All security on the Internet would briefly become non-existent. Financial institutions and even your email provider would be in chaos. Every web browser in the world would instantly become obsolete. Solving just one or two problems would greatly startle the financial world while every business in the world raced to update its software.
Of course, the Internet would never be the same. Internet worms propagate quickly in many cases because people are slow to update their computers. Most are stopped not because people update but because providers filter information known to be sent by a worm. The problem of encryption, though, is not one that any Internet provider can solve. Every single computer, running every single operating system, in the world would need to be updated at the same time to use different encryption algorithms. (Of course, this update operation is often also protected by encryption, further compounding the problem!)

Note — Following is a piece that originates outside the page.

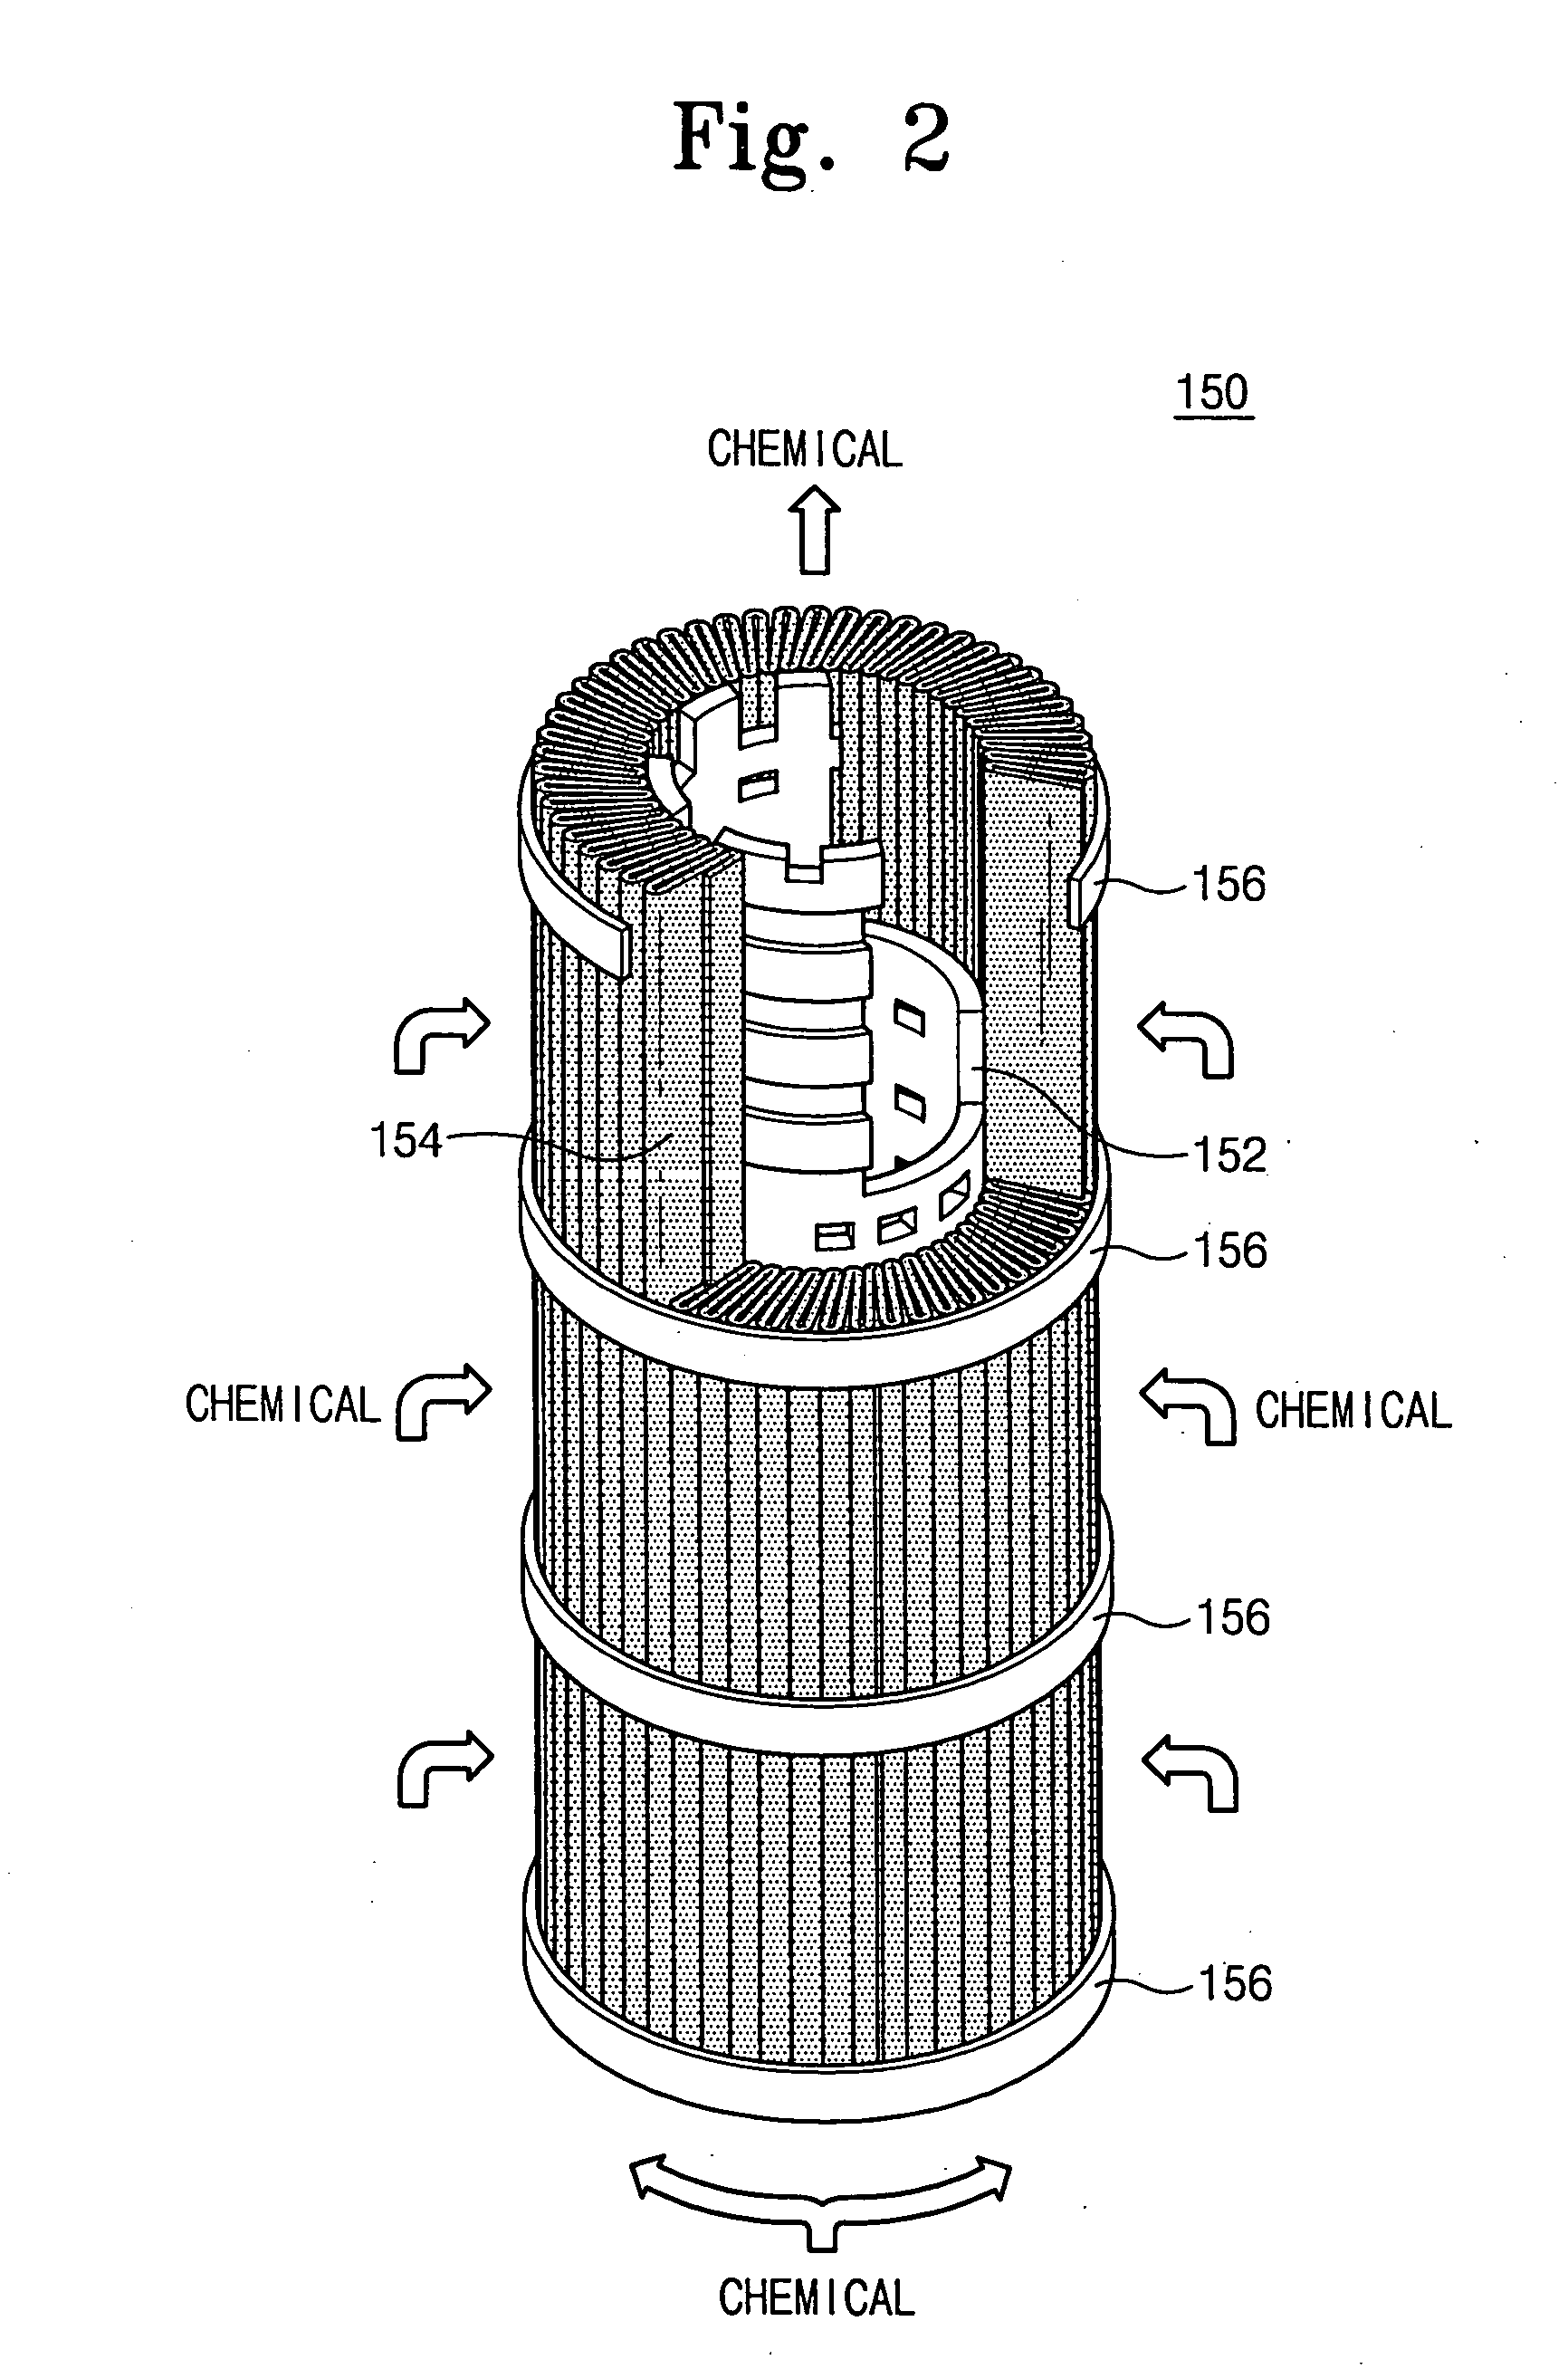 Chemical filter unit

Method 11: Refuse to cooperate with IANA's policies on IP addressing
What you'll need: Selfish nationalism, spunk
Effectiveness: Very high
How it works:
IP addresses must be unique. That is, given an IP address, we should be able to identify a specific device attached to the Internet. With the current system of addressing, approximately 4 billion devices can use IP addresses at the same time. With a newer system - IPv6 - that is not very widespread, approximately 50 million billion billion addresses could be assigned for each person alive today. Nevertheless, each of these must be unique for a given device.What would happen:
At the present time, IP addresses are assigned by IANA - the Internet Assigned Numbers Authority - a subset of the ICANN group, which performs this role under contract with the US Department of Commerce. This group is a United States not-for-profit corporation, and it is in a provider's best interests to cooperate with it. Other networks are not likely to cooperate with a group that refuses, because the threat of duplicate IP addresses on incooperative systems could hinder their ability to route data to the intended recipient.

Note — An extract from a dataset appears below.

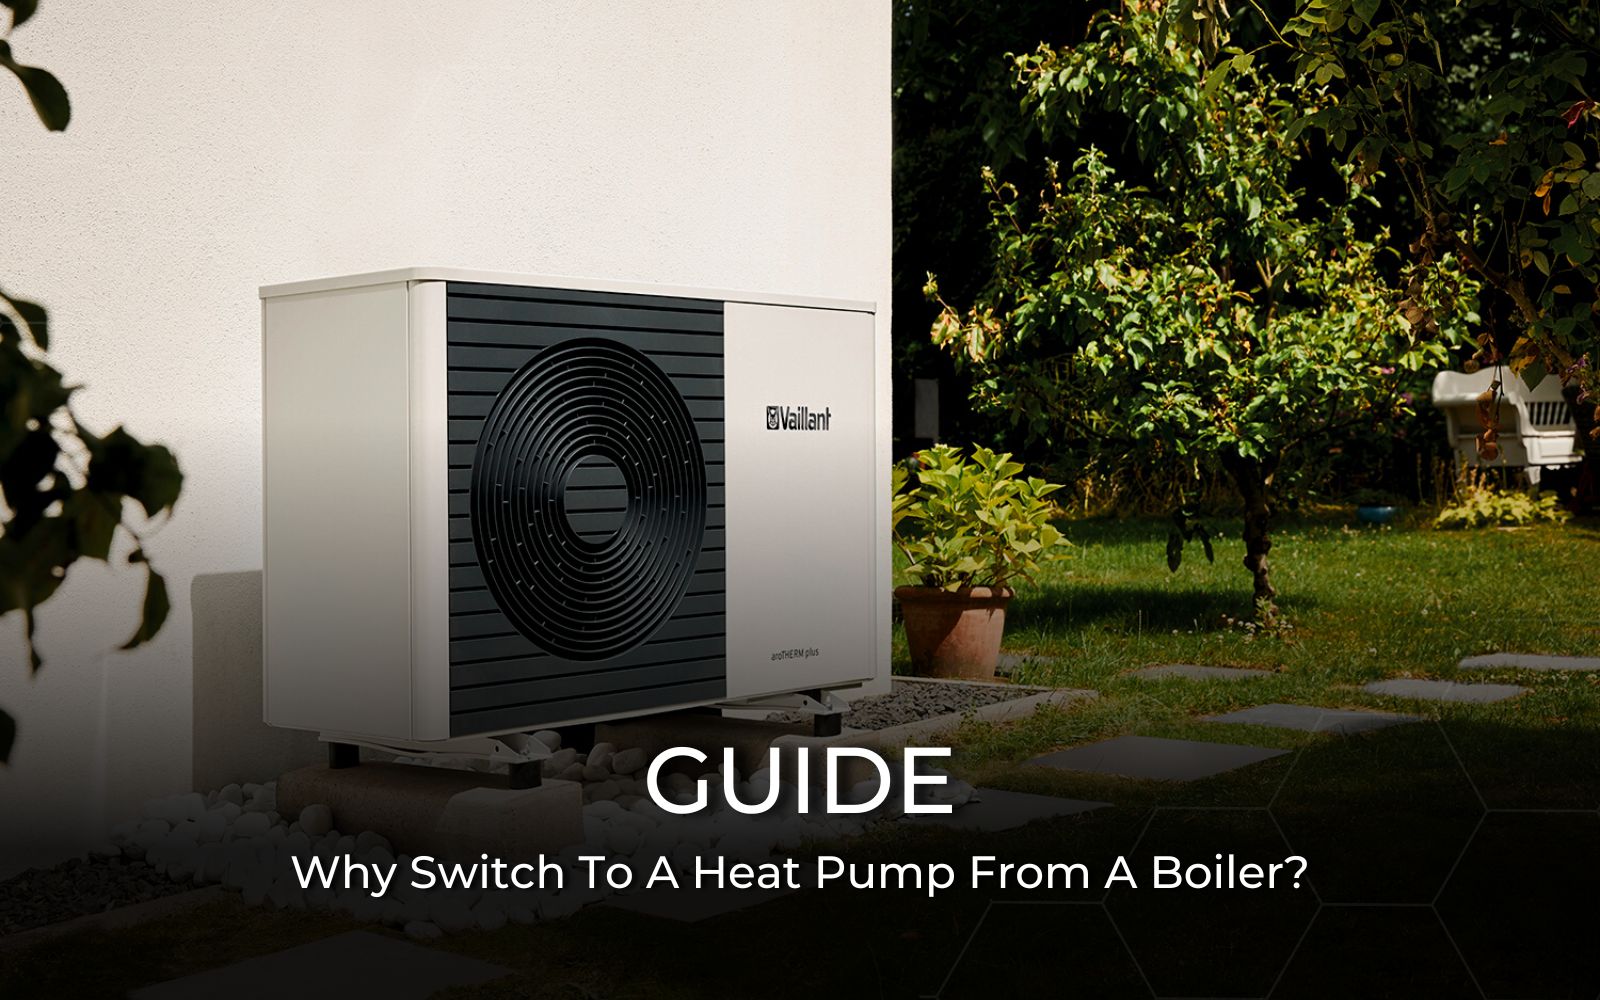 Why Switch To A Heat Pump

But you can refuse! In fact, some countries that are political or financial enemies of the United States are pushing the United Nations to seize control of this authority. Other countries are backing them out of simple nationalism - why should the United States have all the power on the Internet? Some countries will likely go ahead with the plan regardless of the United States' objections.

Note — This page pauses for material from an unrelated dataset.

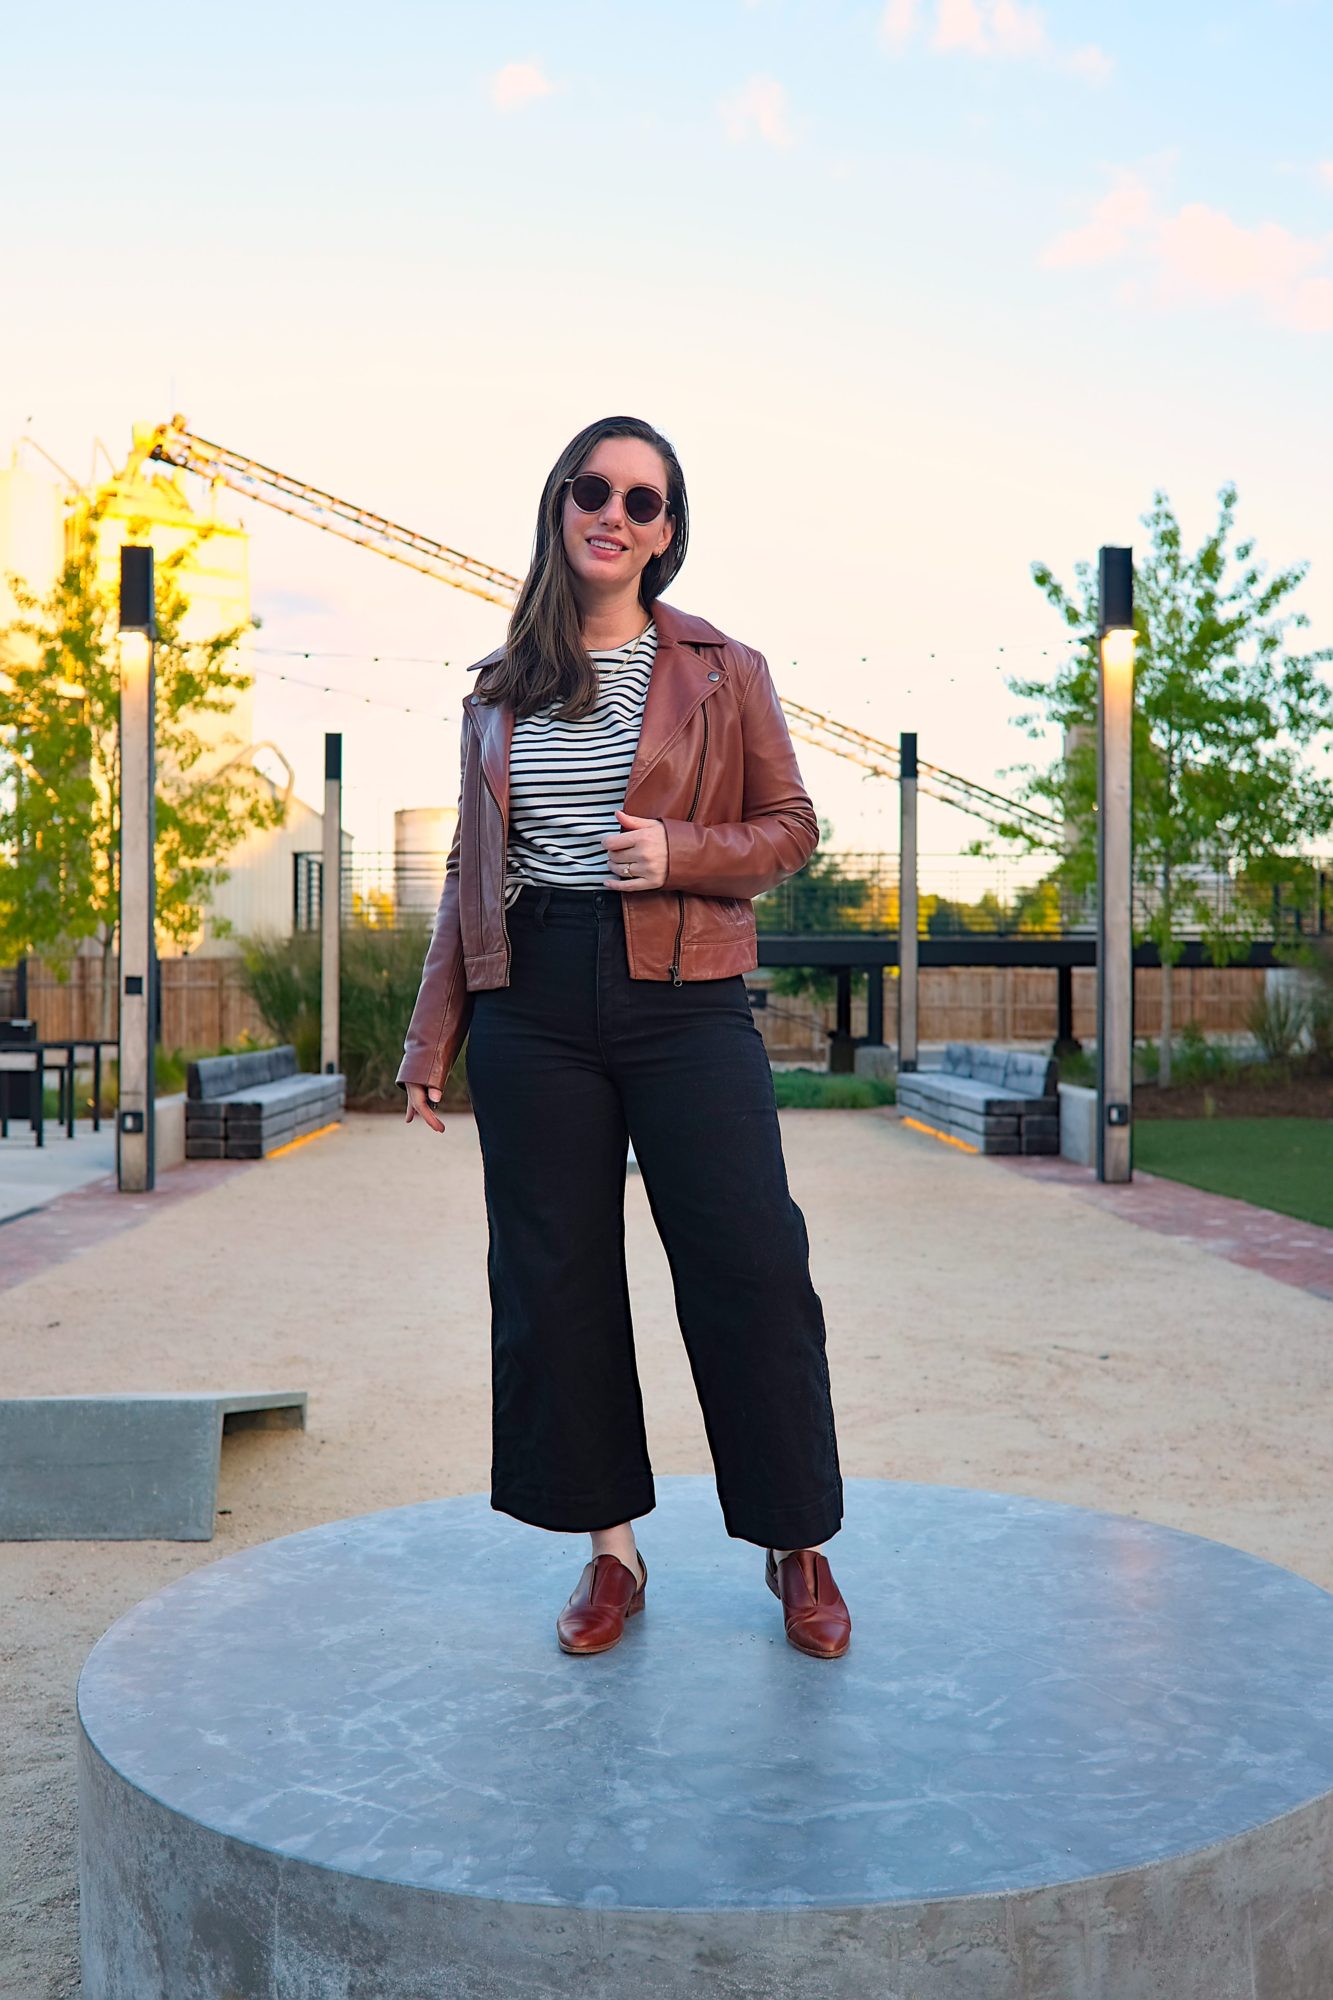 Alyssa wears the ABLE Maha Leather Jacket in an industrial area

If any of these countries use IP ranges that are already assigned to devices in the United States, then those networks cannot be attached to the global Internet. This does not mean they won't work; network devices will still route the data appropriately within that nework. In the end, if nobody intervenes and makes a global body for assigning IP addresses, the world will no longer have a single global Internet. Instead, the biggest interconnection in the history of mankind will be fractured into several Internets, each responsible for a particular area, with its own alternative to IANA and ICANN. Nobody on one Internet would have access to materials on another Internet without severe limitations.
So, um, try to avoid doing any of these things. We don't need another dot-com bust. If you can think of any other ways, post them as comments!
(I have no idea what's up with blogger's fonts. Try to ignore them.)